═════ DATA EXCERPT ═════
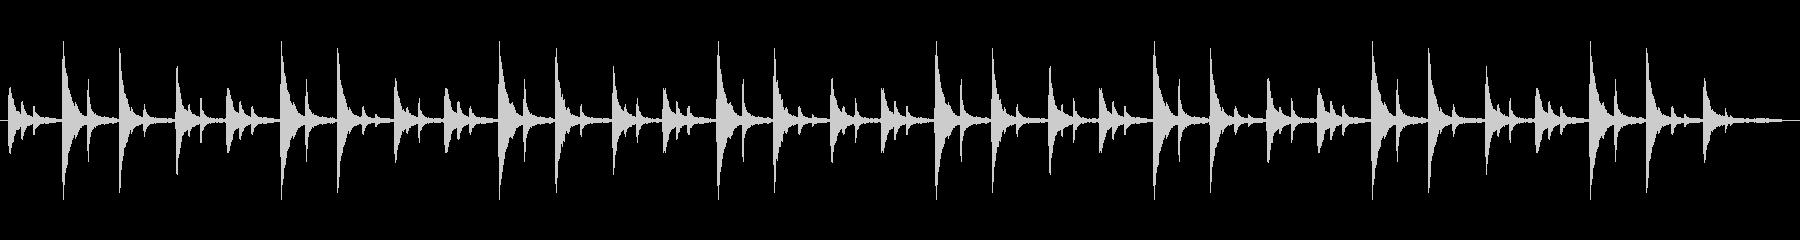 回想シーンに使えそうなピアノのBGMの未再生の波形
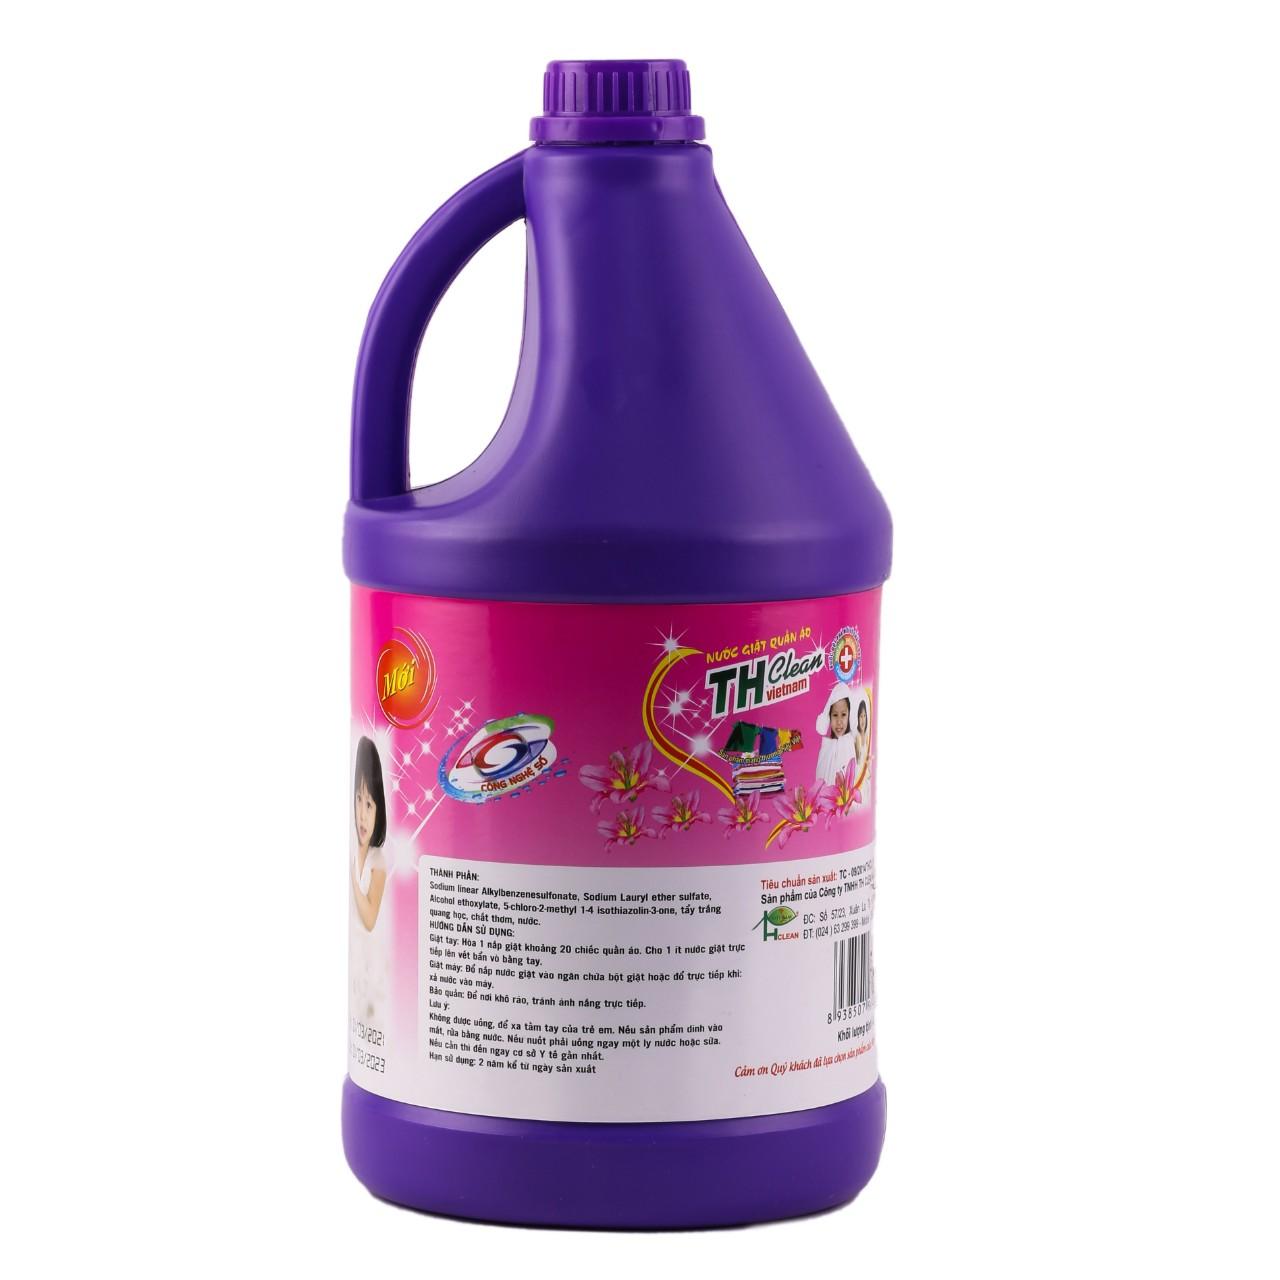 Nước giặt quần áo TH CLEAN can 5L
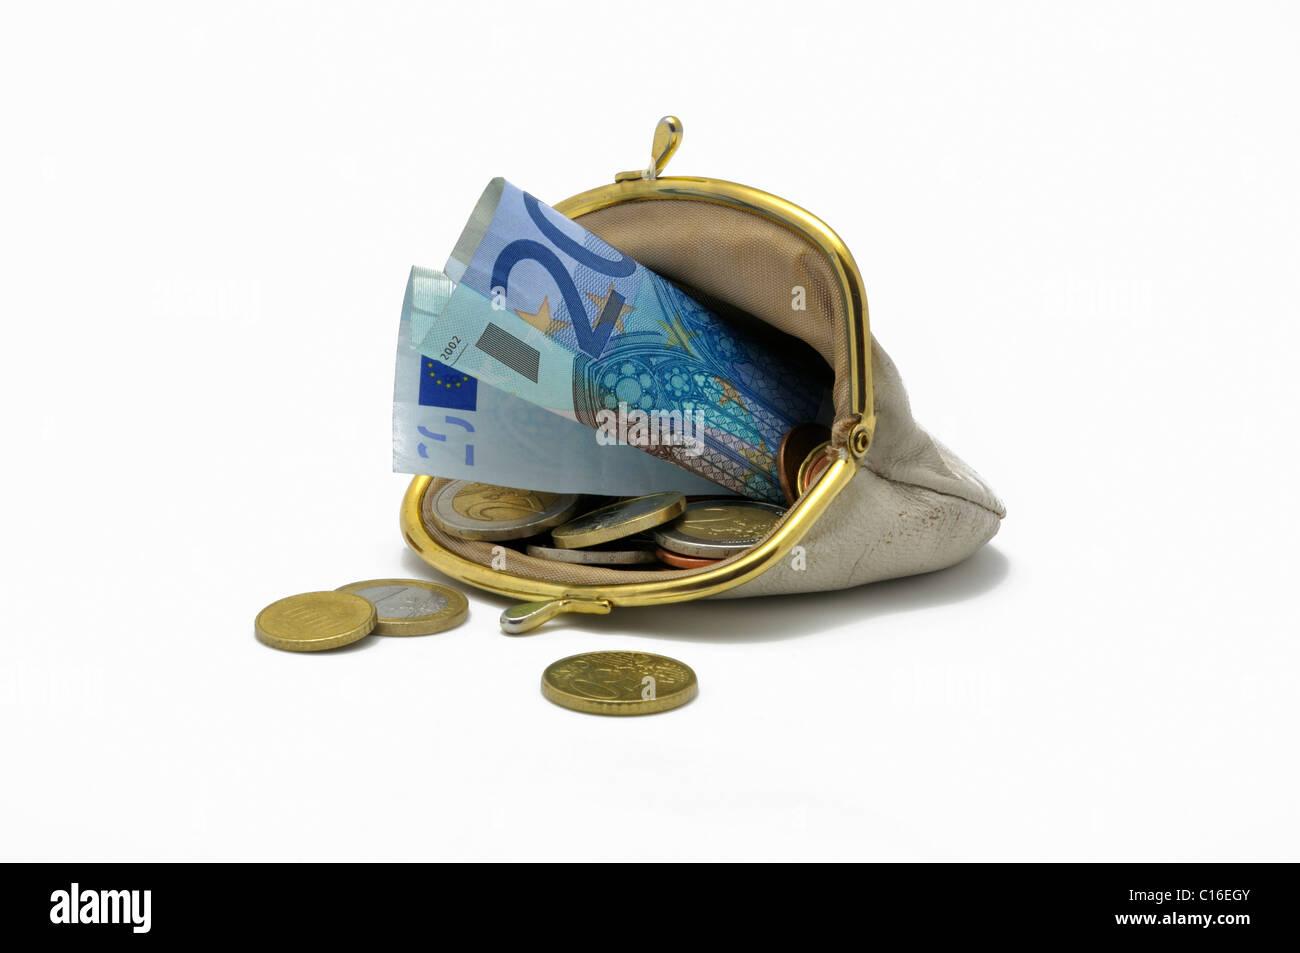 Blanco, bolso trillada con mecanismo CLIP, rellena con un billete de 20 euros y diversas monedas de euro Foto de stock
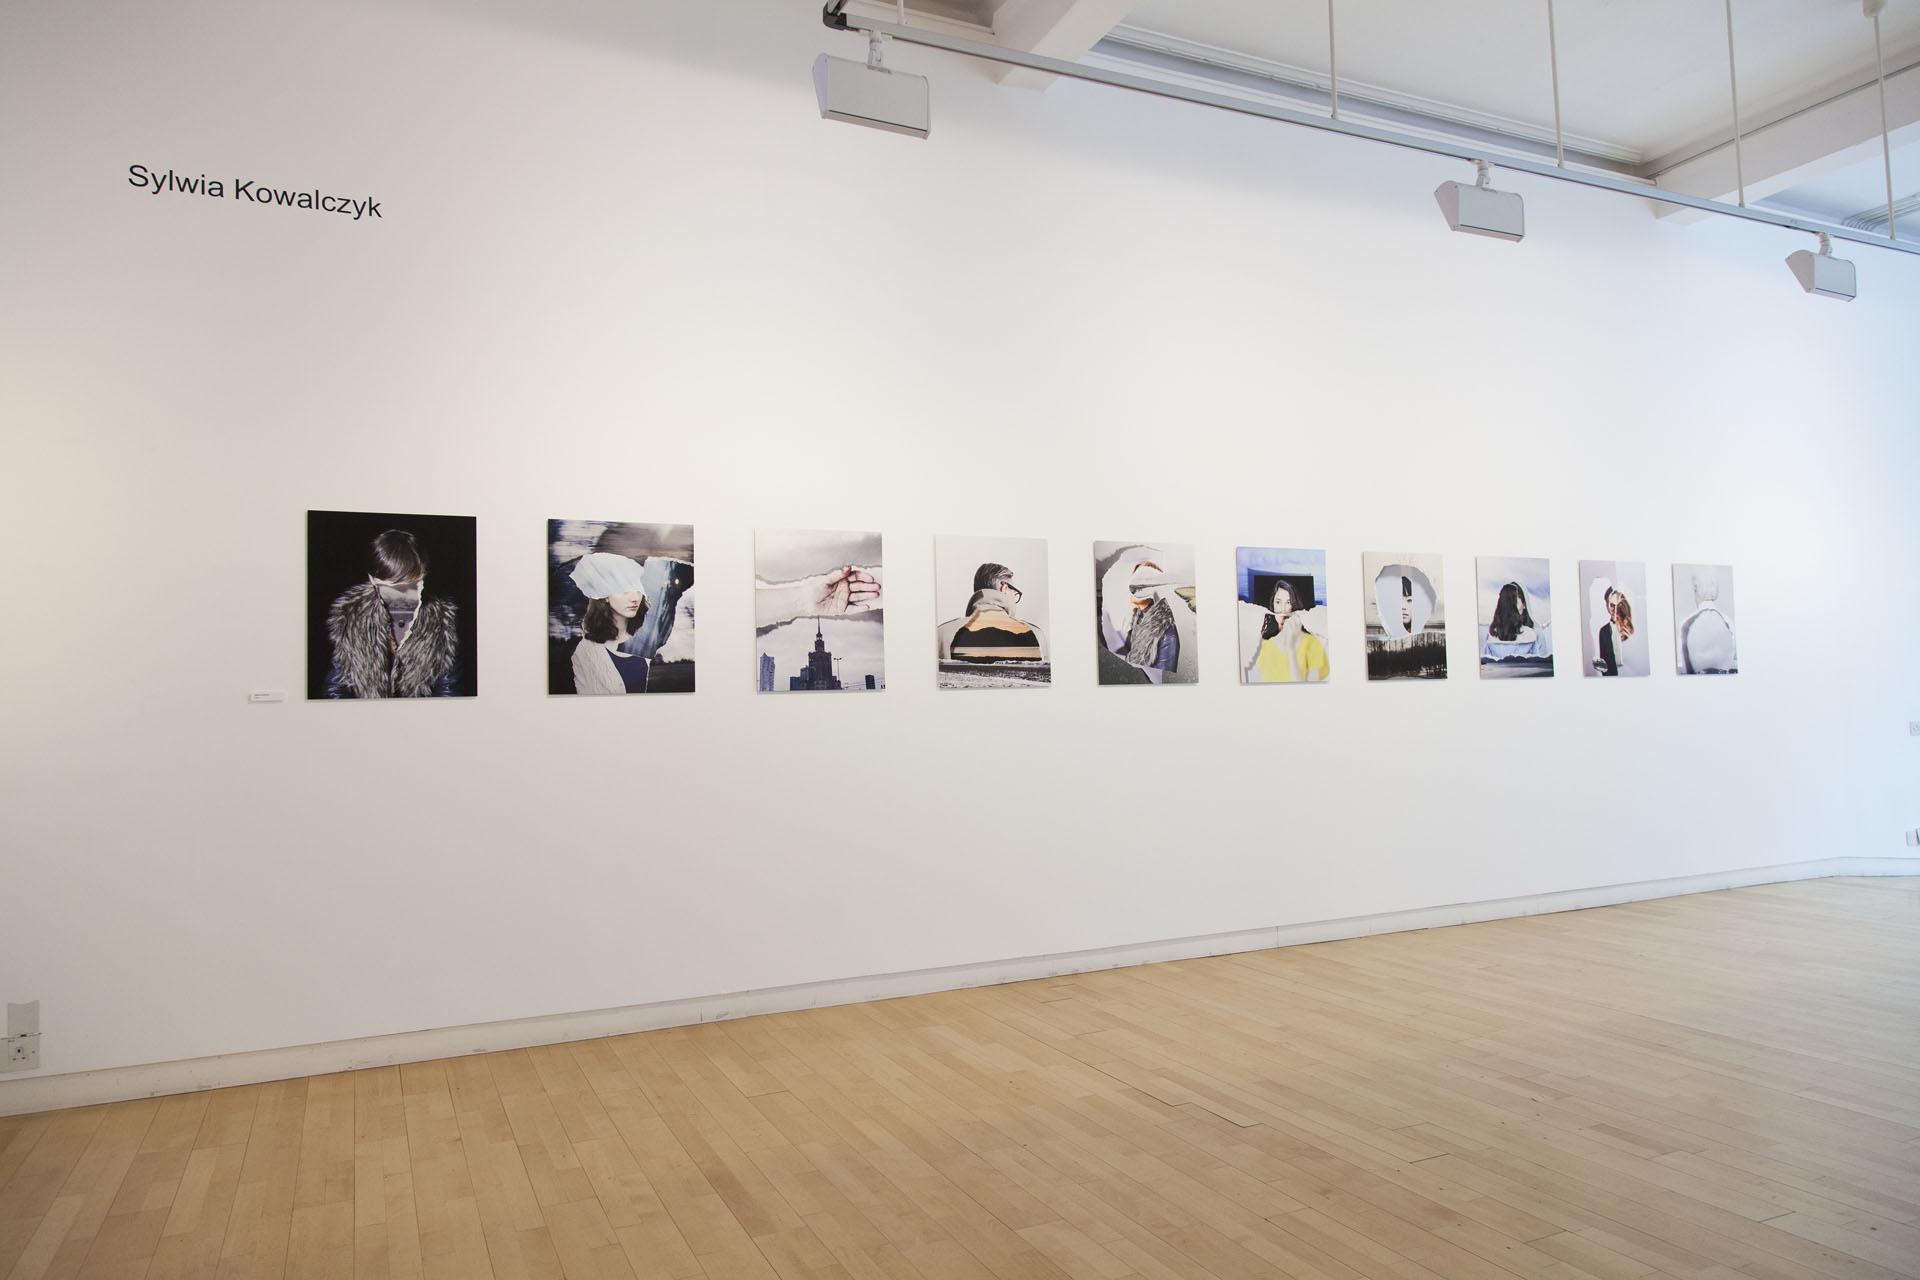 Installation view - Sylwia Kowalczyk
═════
EXERCISE GOAL
A verbatim copy is needed of the lines running from the line with "Blanco, bolso trillada" to the end of the data above, both included. Keep the pictures out of it.

TASK RESULT
 Blanco, bolso trillada con mecanismo CLIP, rellena con un billete de 20 euros y diversas monedas de euro Foto de stock
 Installation view - Sylwia Kowalczyk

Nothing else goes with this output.